Another limitation of this study is its reliance on pre-pandemic data from the 2017–2018 NHANES cycle. Although this dataset offers robust information on PFAS exposure and liver biomarkers, it does not reflect potential shifts in environmental exposures, health behaviors, or socioeconomic conditions that occurred during and after the COVID-19 pandemic. As such, future research incorporating post-pandemic data will be important to determine whether the associations observed here remain consistent or have changed in response to pandemic-related influences.

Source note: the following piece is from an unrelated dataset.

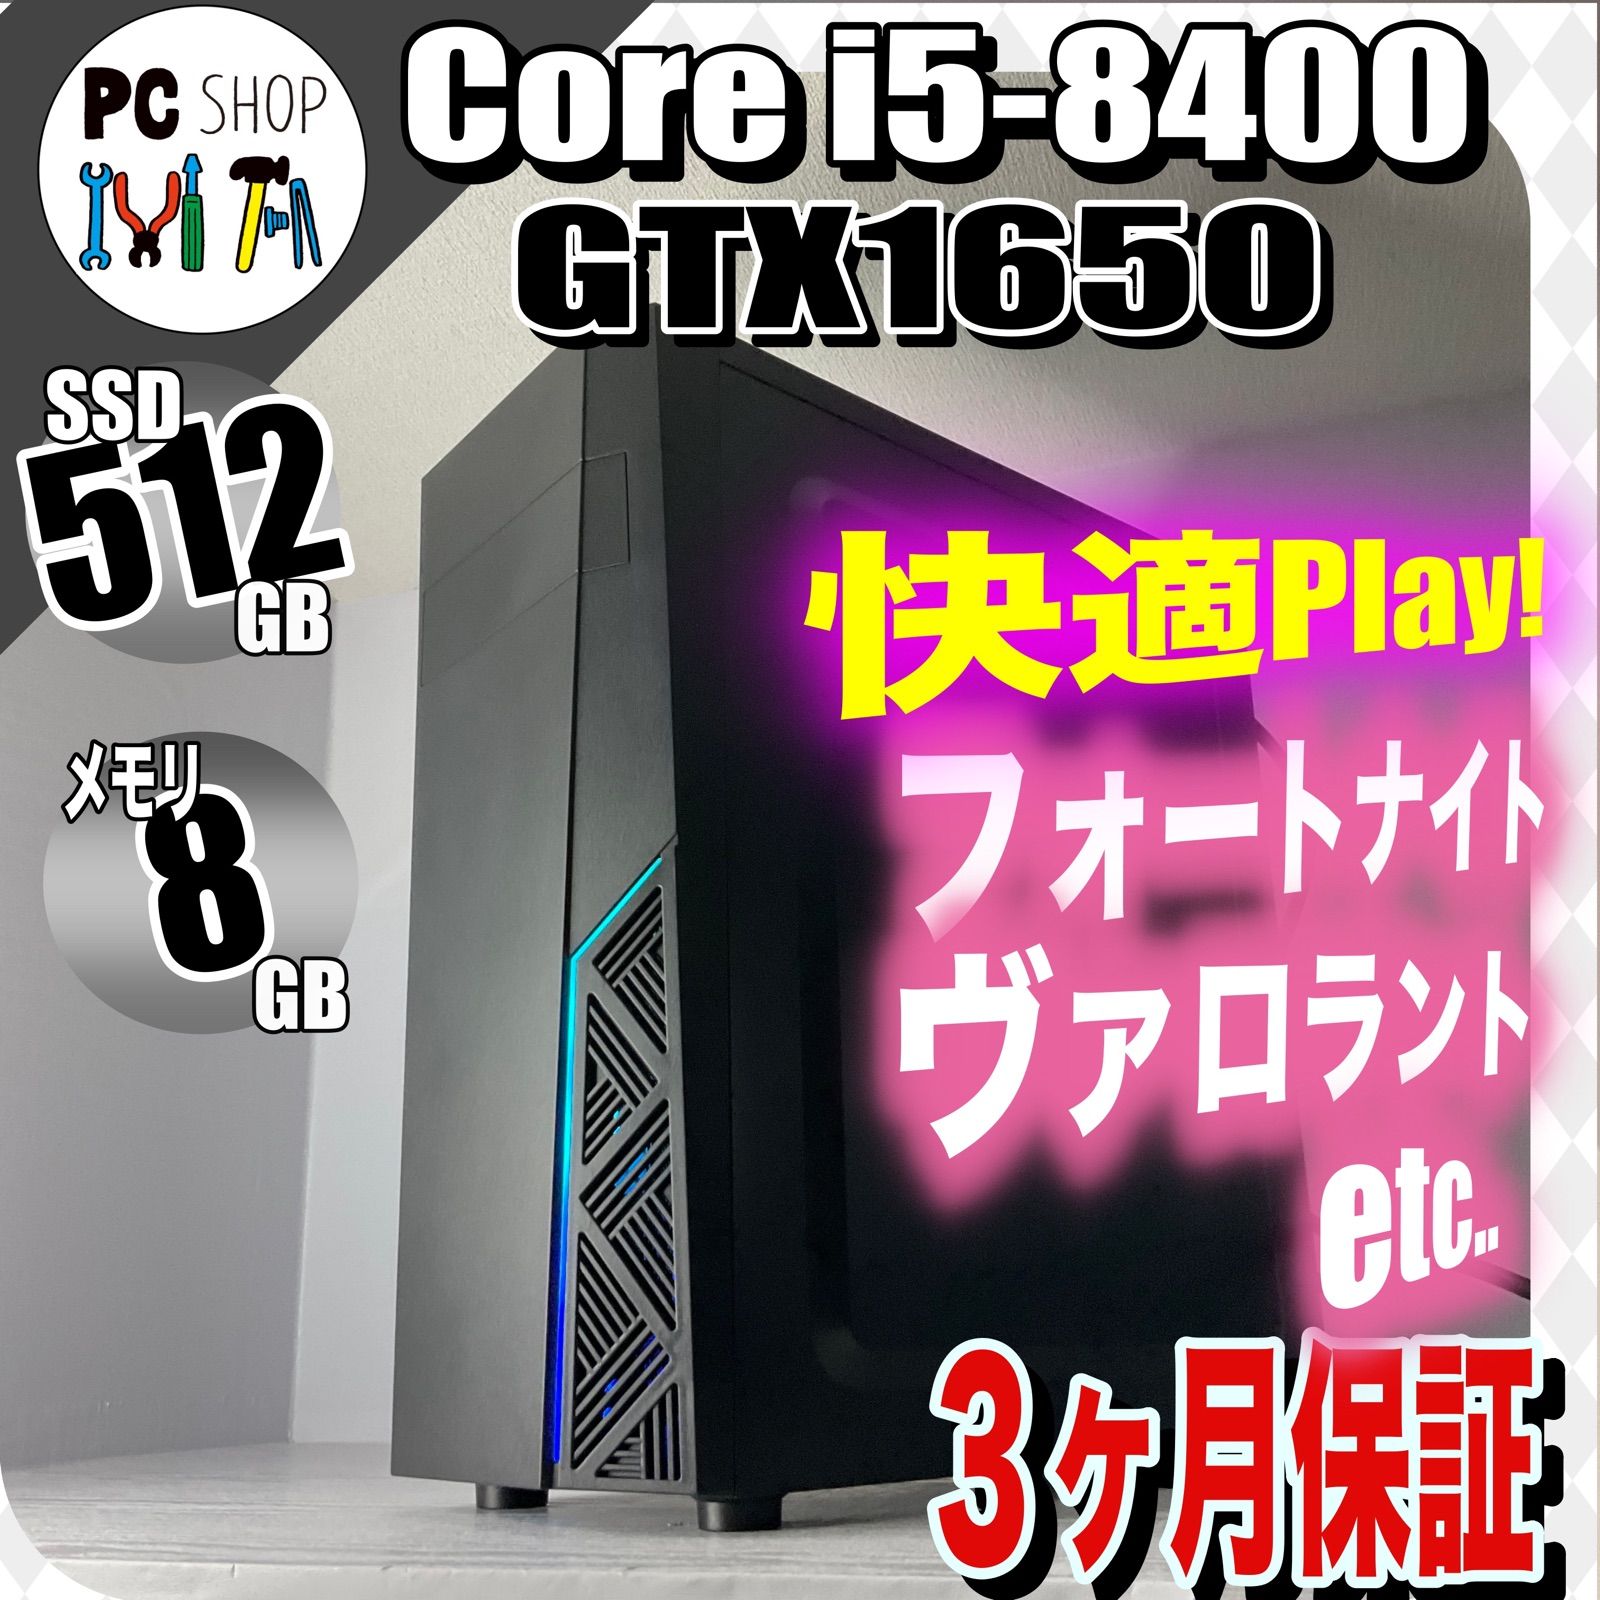 MA-010097］GTX1650 ゲーミングＰＣ Core i5-8400 SSD 512GB 初心者

These limitations indicate that findings should be approached with caution. Specifically, the policy implications of this study—such as focusing on behavioral interventions for liver health—should be viewed as preliminary. Further longitudinal studies and controlled experiments are necessary to determine causality and assess how changes in PFAS exposure or behavioral risk factors affect liver outcomes over time.

5. Conclusions

Our findings suggest that lifestyle and socioeconomic factors may exert stronger short-term effects on liver biomarkers than PFAS exposure. Behaviors such as drinking alcohol and smoking have the strongest links to liver problems. Social factors (income and education) also play a major role in liver health. People with higher incomes and higher levels of education generally had better liver health.

From our study, it is important to note that improving liver health in a meaningful way requires more than just controlling chemical exposures; it also means addressing social and behavioral factors. While PFAS alone showed weaker associations, our mixture models identified modest interactions, particularly with income and education, highlighting the need for further research to assess whether PFAS may contribute to liver dysfunction in the presence of other stressors.